Perhaps one of the more well-known items of cowboy attire--besides boots and hats, or course--would be chaps. Chaps were invented by Mexican vaqueros, the original cowboys, and originally called chaparreras. They were used to protect the pants and legs from thorns and cactus spines.

An early style of chaps, called "Shotguns" were more like pants made of leather that the cowboy would step into, and these leather pants were replaced by the more popular batwing versions seen most often in Western movies--chaps that wrapped around the leg and fastened in back.

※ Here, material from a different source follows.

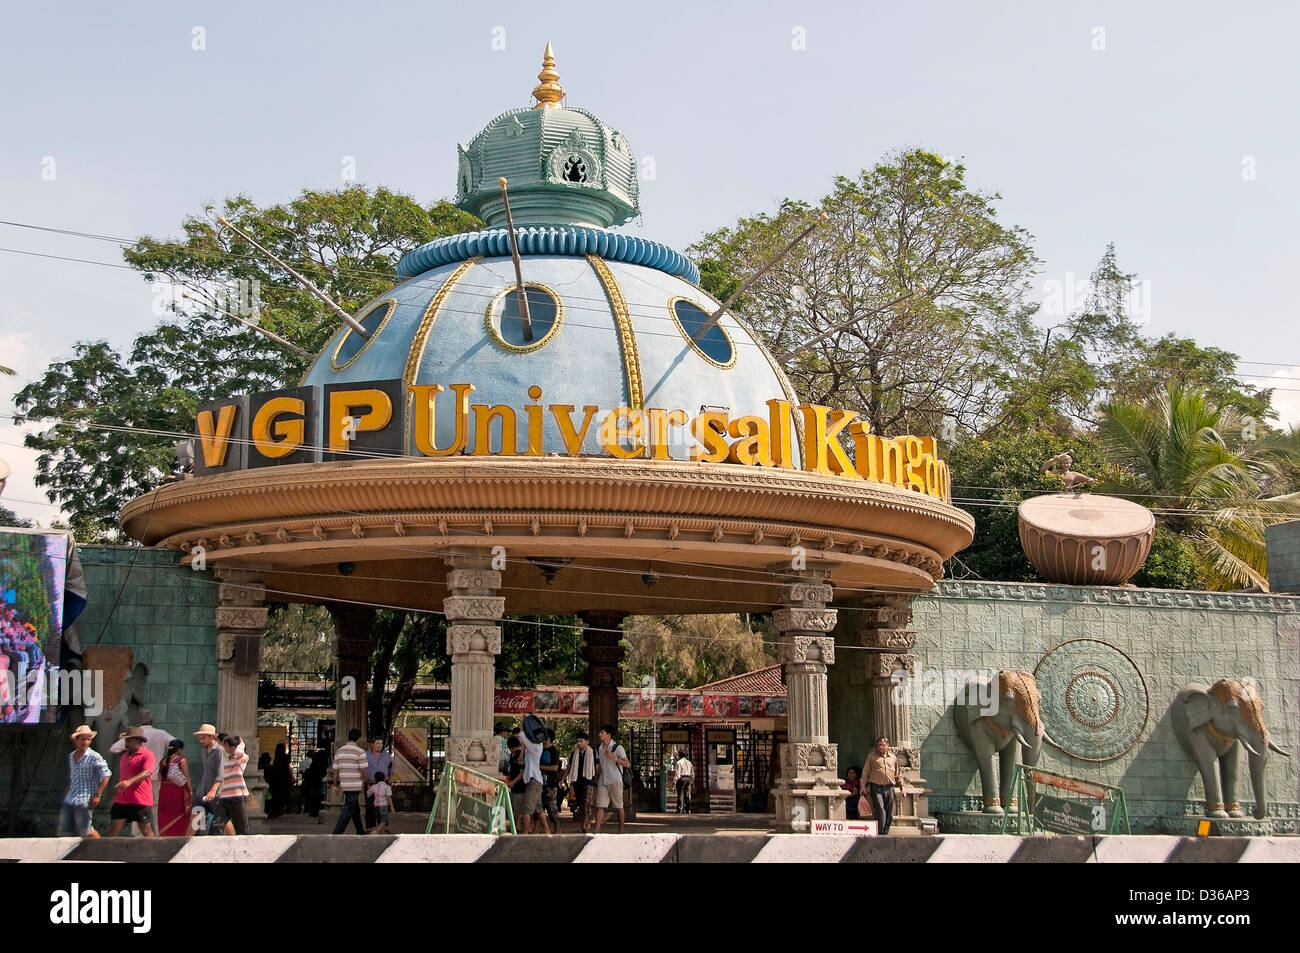 VGP Universal Königreich der beste Freizeitpark, Vergnügungspark, Water Park in Chennai (Madras) Indien Tamil Nadu Stockfoto

Batwing chaps, like coats, varied with the region. In the Southwest, cowboys wore chaps made of smooth leather. In the North, cowboys wore chaps made of wool, or fur, depending on the animals raised on the ranch.

The design of cowboy boots is strictly utilitarian, as well--pointed toes to slip easily into a stirrup; high heels to keep the heel in the stirrup; knee high to protect the legs from thorns and keep the dirt out of the boot; and tabs, or "mule ears" to tug the boot onto the foot. Fancy spurs attached to the boots were important to keep the horses moving, though cowboys enjoyed a variety of shapes and styles available for show.

Although current styles keep the pant leg outside of the boots, cowboys in the 1800s wore their pant legs tucked inside so they wouldn't snag on twigs and thorns. (If you haven't figured this out yet from these detailed descriptions of cowboy attire, cows have a habit of wandering into thorny areas where they are...rescued by cowboys!)

Cowboys spent as much as a month's wages to have their boots custom made. The only cowboys who wore ready made boots were either inexperienced green horns or cowboys saving their money for the real thing!

Although one might think a bandanna would be used for show, this is far from the truth. Bandannas came in a variety of bright colors to make the cowboy more visible in bad weather. They served--and still serve--many purposes. They block the hot Southwestern sun to prevent sunburn and mop up sweat from the brow. They keep the dust out of the mouth and nose during dust storms and warm the ears in cold weather. They are also used as washcloths, tourniquets, and blindfolds to lead horses out of burning barns.

Finally, the cowboy hat. Cowboy hats shield the top of the head from the heat of the sun, and the eyes from the sun's glare. The keep rain off the face. They can be used to wave to a friend from a distance, and to smack a slow horse on the rump.

Nowadays, cowboys where hats according to what suits their fancy. In the 1800s, style choice depended on region. In the Southwest, cowboy hats had tall crowns and wide brims. In the North, brims were narrow and crowns lower so they would not blow away. It was easy to identify where a cowboy came from by the style of his hat.

Although styles, colors, and patterns used on cowboy attire has changed over the years, the basic items remain the same because each item serves an important purpose in the life and work of a cowboy.